Interesting comment by Greg Kroah-Hartman when asked why the kernel team doesn't notify distros directly
> Nope, sorry, we are NOT allowed to notify anyone about anything "ahead of time" otherwise we will have to tell everyone about everything. That's the only policy by which all the legal/governmental agencies have agreed to allow us to operate in, so we are stuck with it.
I'd be interested in knowing more about that policy... Seems that there should be exceptions for the major distros.
Of course, major distros who have contracts with SLA could also pay for someone to be on the kernel security team and get a heads up like that..
The members of the kernel security team are not allowed to tell their employers anything that happens on the security list. They are there as individual members, not as employees.
And try to define "major distros" in a way that actually means anything viable.

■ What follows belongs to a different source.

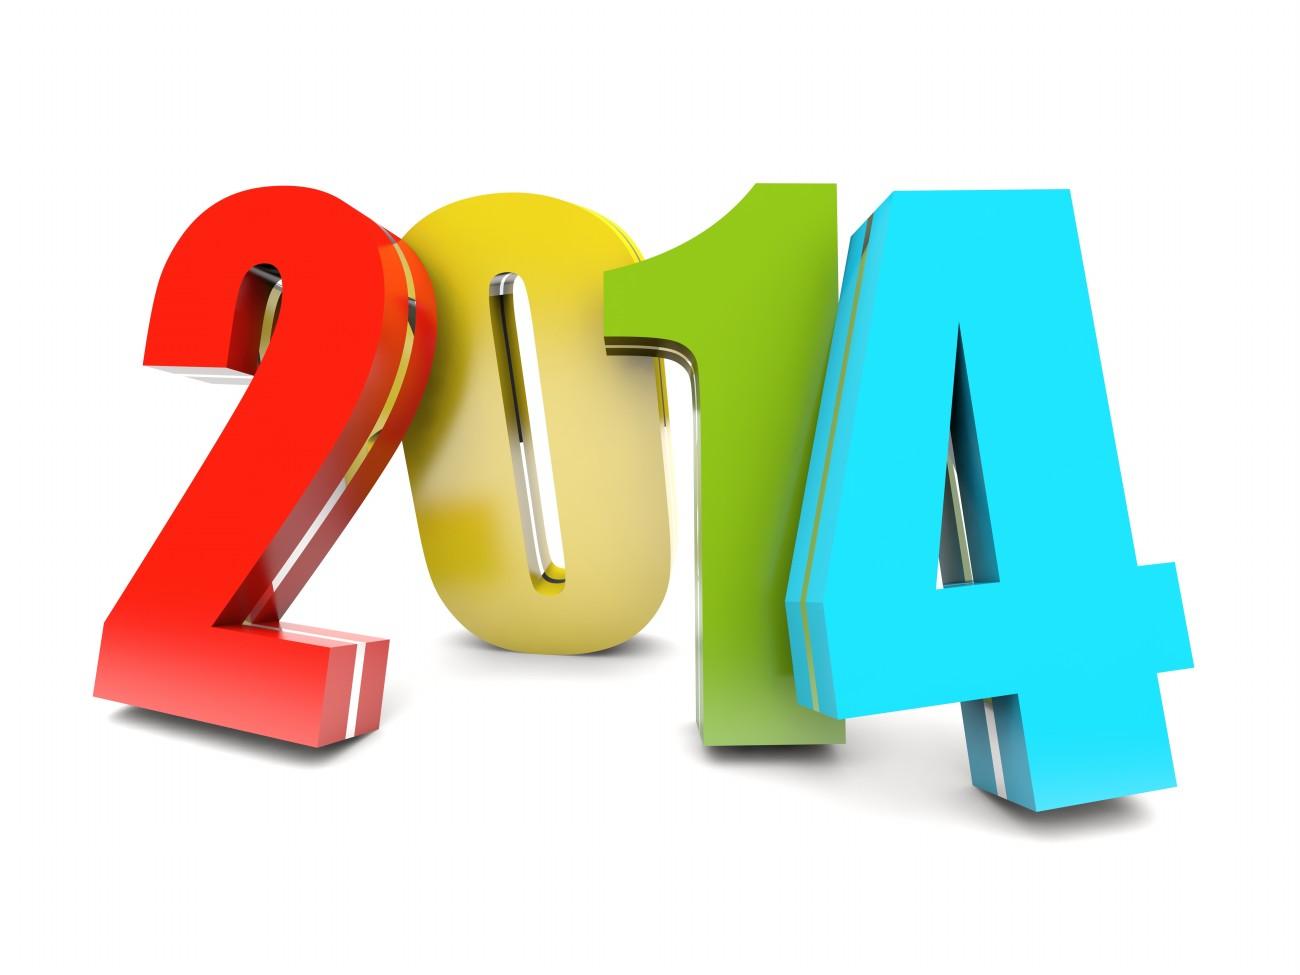 Hopes for 2014

If you just want to count users, then that would only be Android (everything else is a rounding error.) After Android, that would be Yocto, and then Debian. All distros after that are mere fractions of overall users compared to those 3 by number of running systems alone.
If you want to count it as "$ spent on Linux" then that cuts out Android and Yocto and Debian as those distros are free, and would focus purely on the tiny installed base of paid Linux systems, and cut everyone else out.
So what is a fair way to do this other than "we notify no one, and tell everyone to always update their systems to the latest stable releases that we support."
Especially as there is no way for us to determine your use case (i.e. if a specific bug is a vulnerability for you or not.)